Drop the images; return everything else in the listing below exactly.

═══ Recorded data

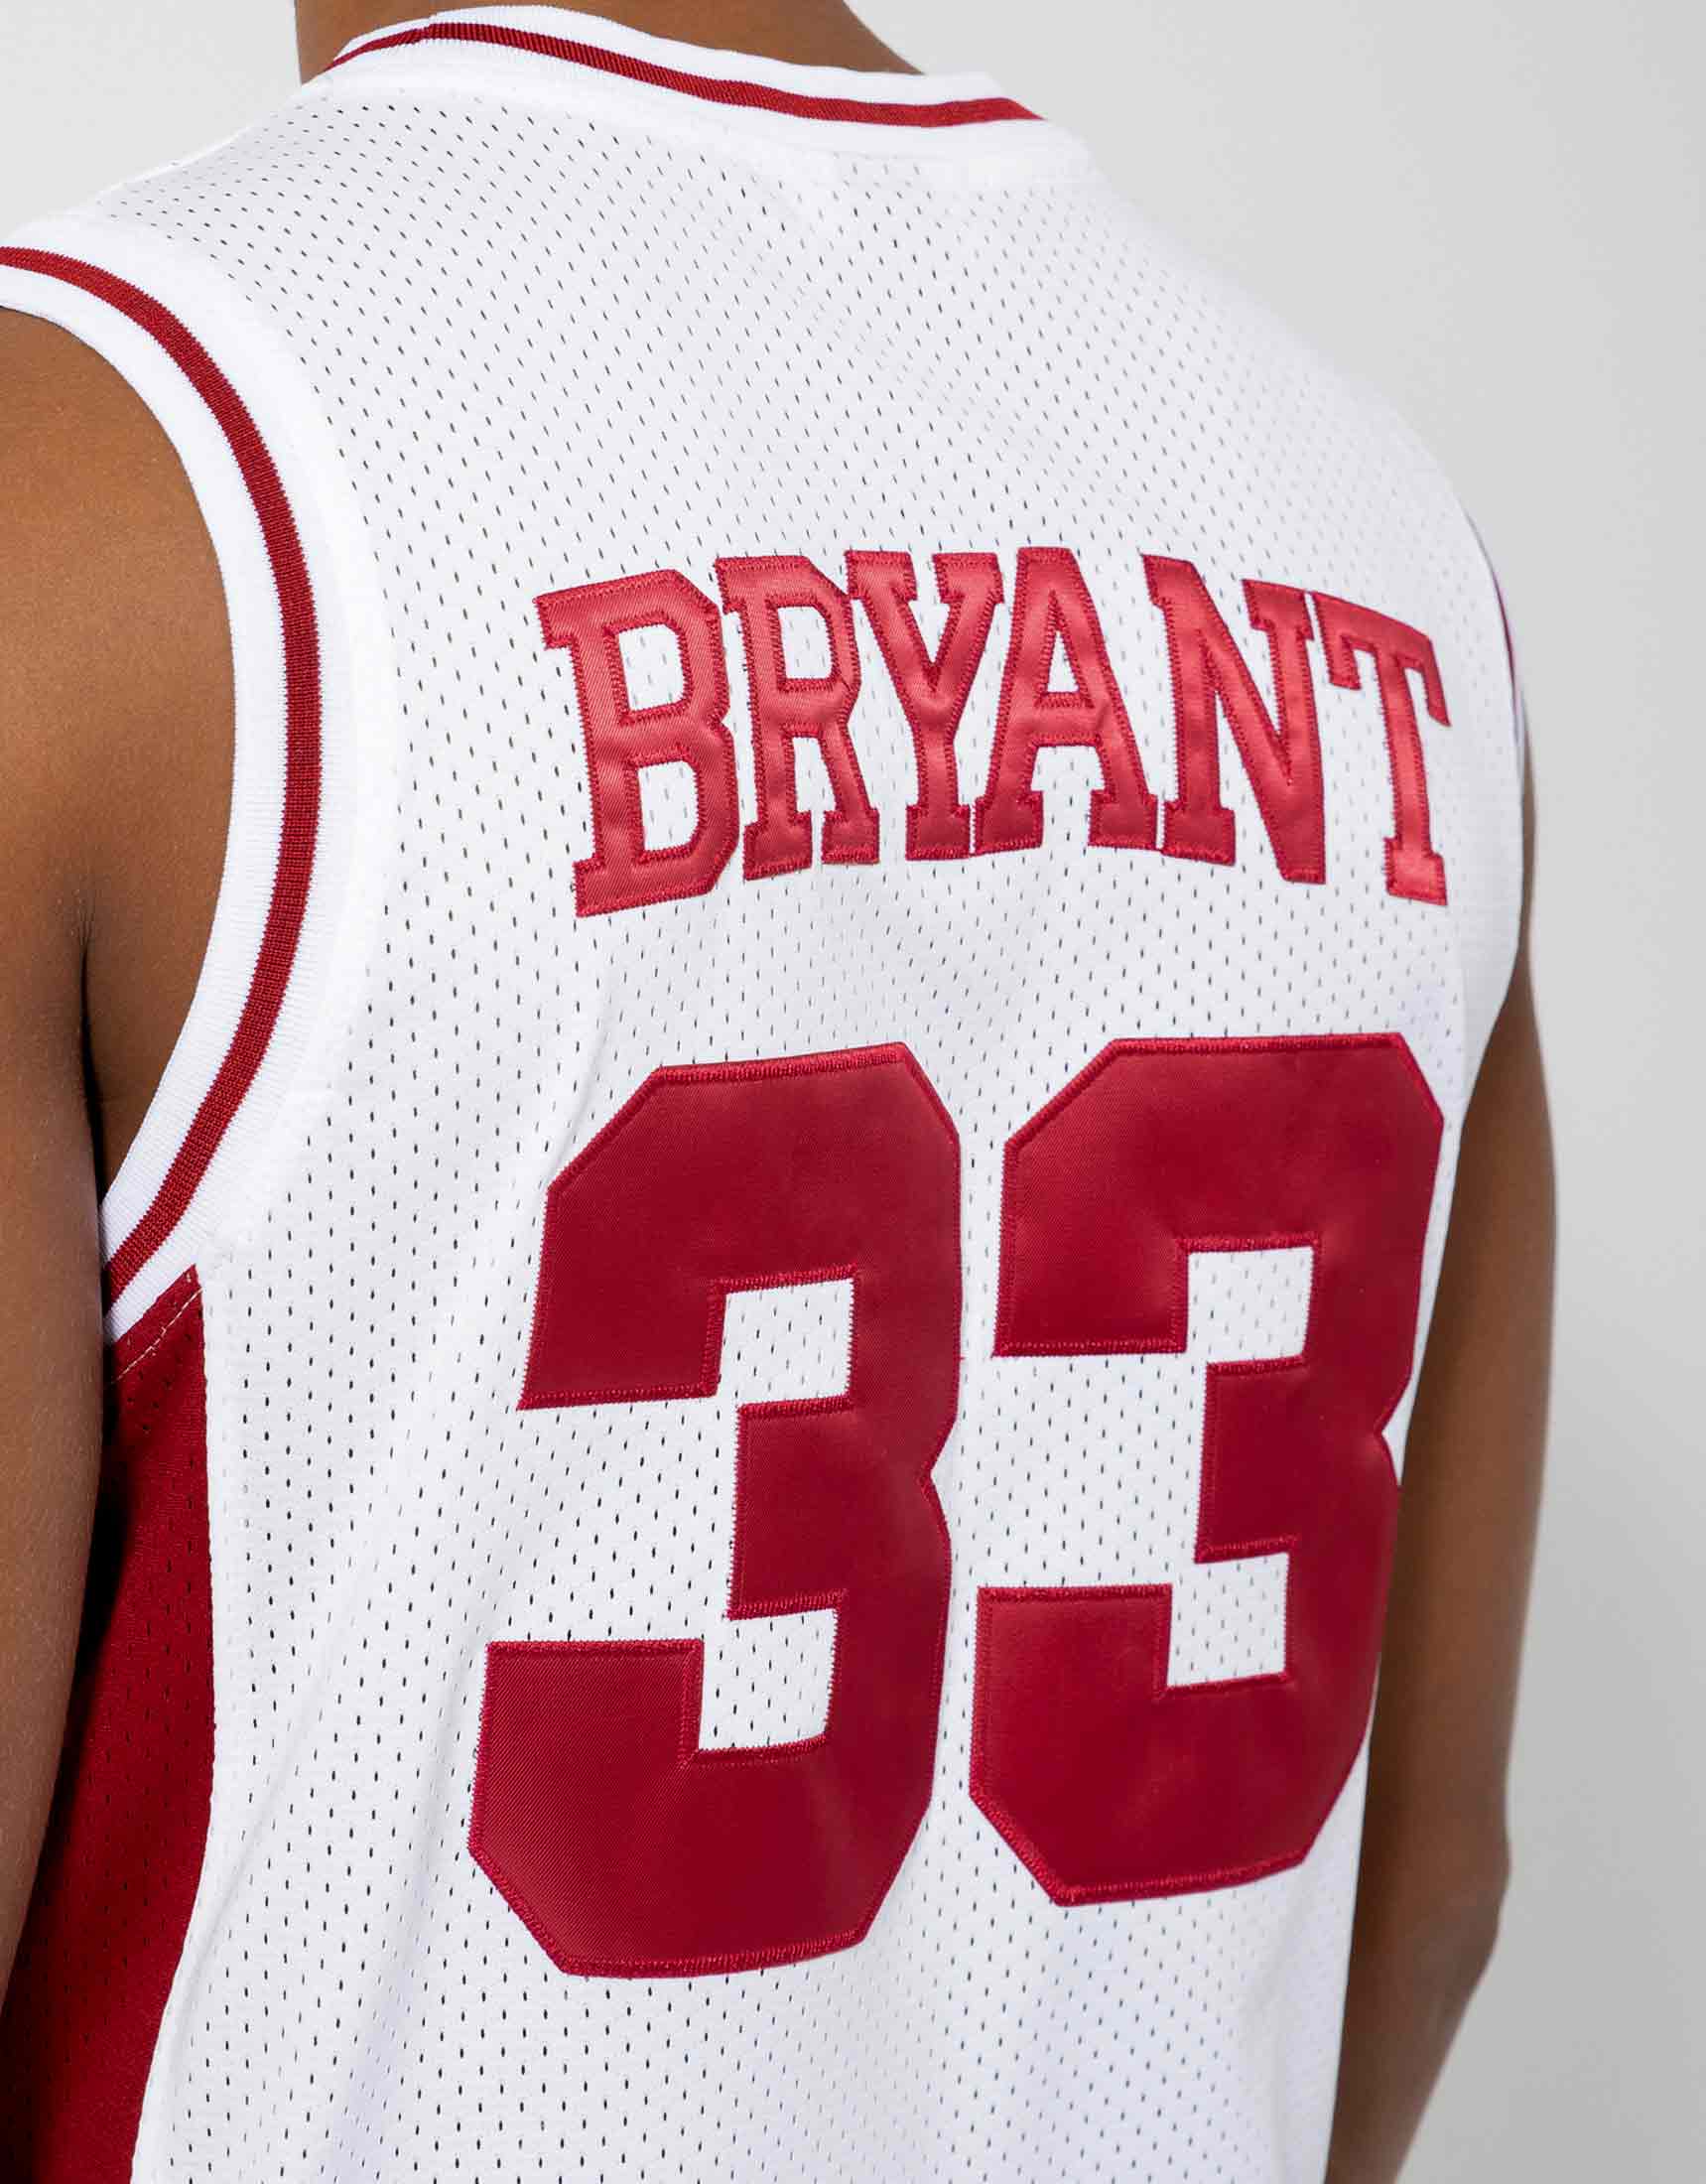 Kobe Bryant #33 Lower Merion High School Jersey  School jersey, Kobe bryant,  Kobe bryant high school
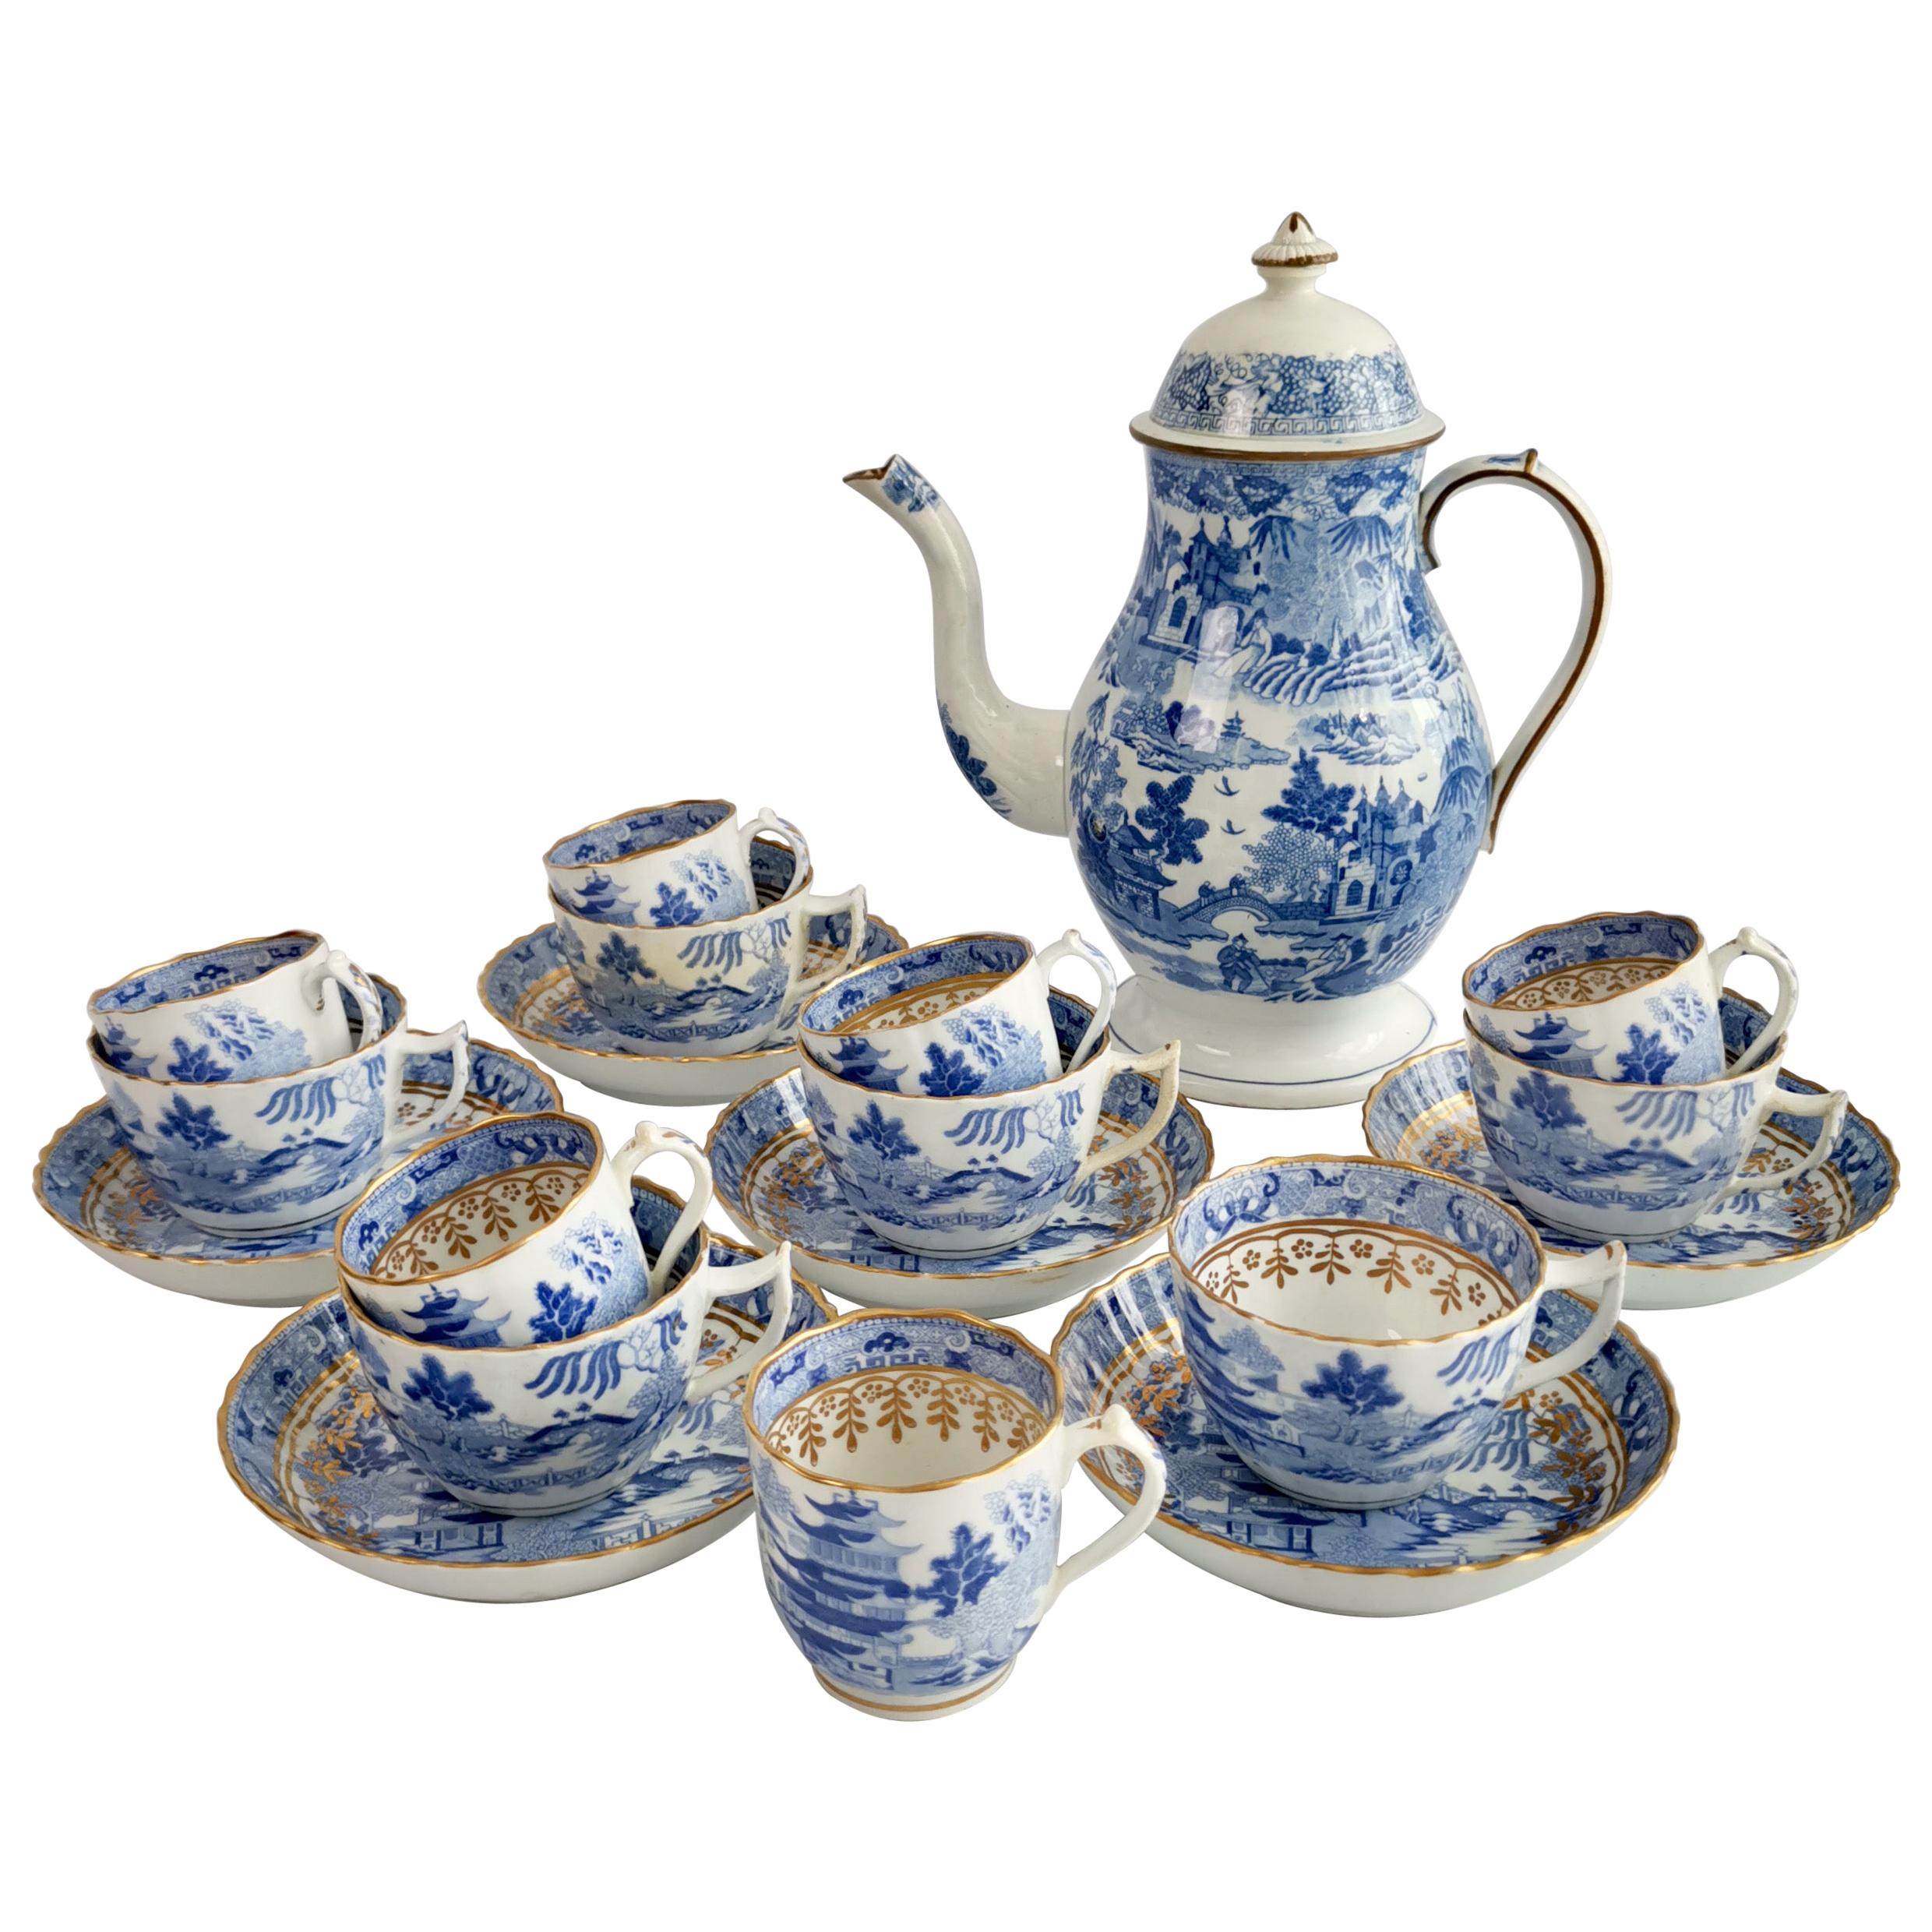 Tea Coffee Service Rathbone and Miles Mason, Pagoda Blue and White, 1810-1815
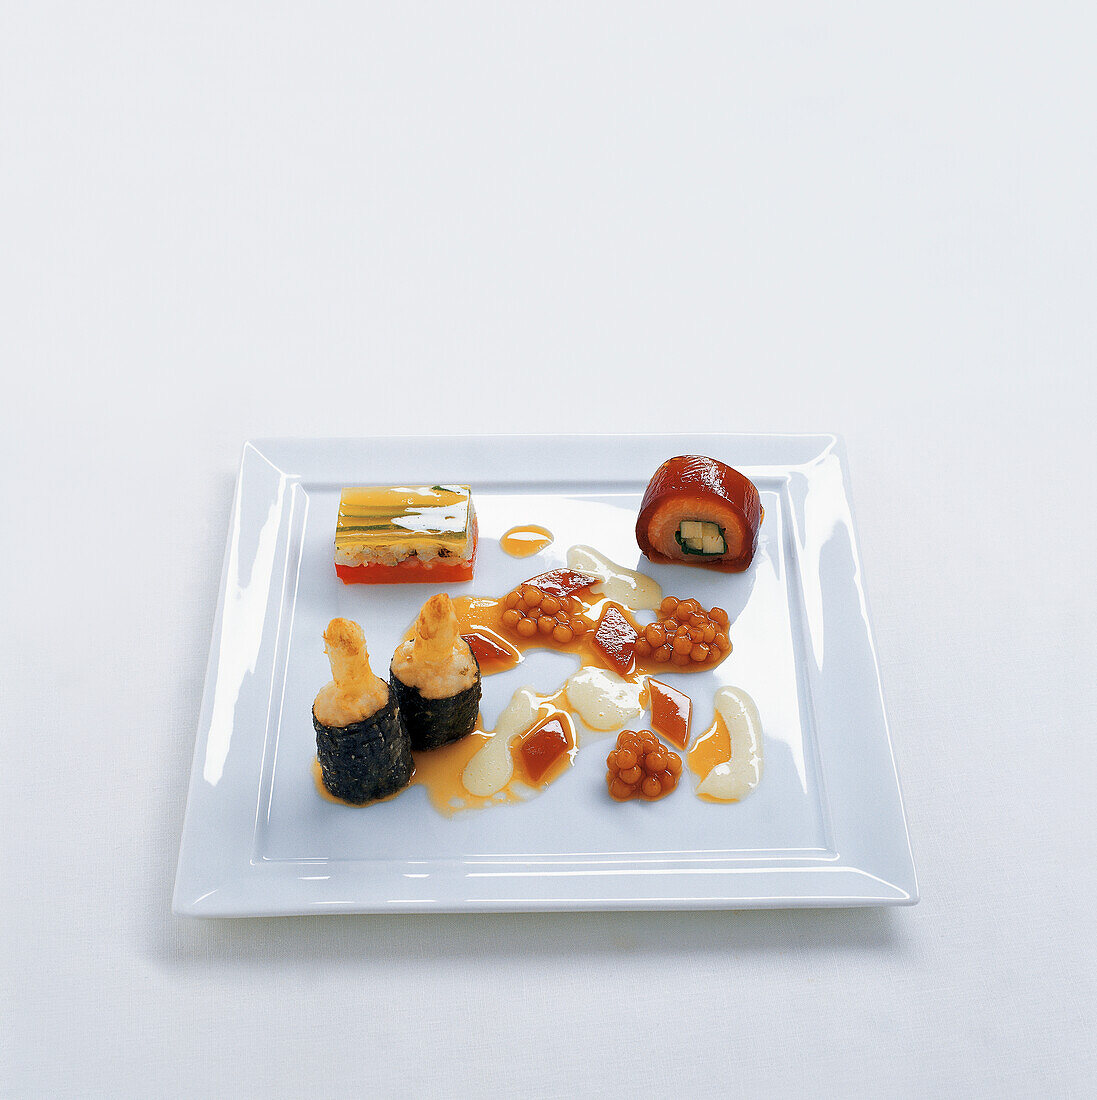 Yuzu marinade with yellowfin mackerel, asparagus tempura and soy jelly

══════

Solution ->
 Kobe Bryant #33 Lower Merion High School Jersey  School jersey, Kobe bryant,  Kobe bryant high school
 Tea Coffee Service Rathbone and Miles Mason, Pagoda Blue and White, 1810-1815
 Yuzu marinade with yellowfin mackerel, asparagus tempura and soy jelly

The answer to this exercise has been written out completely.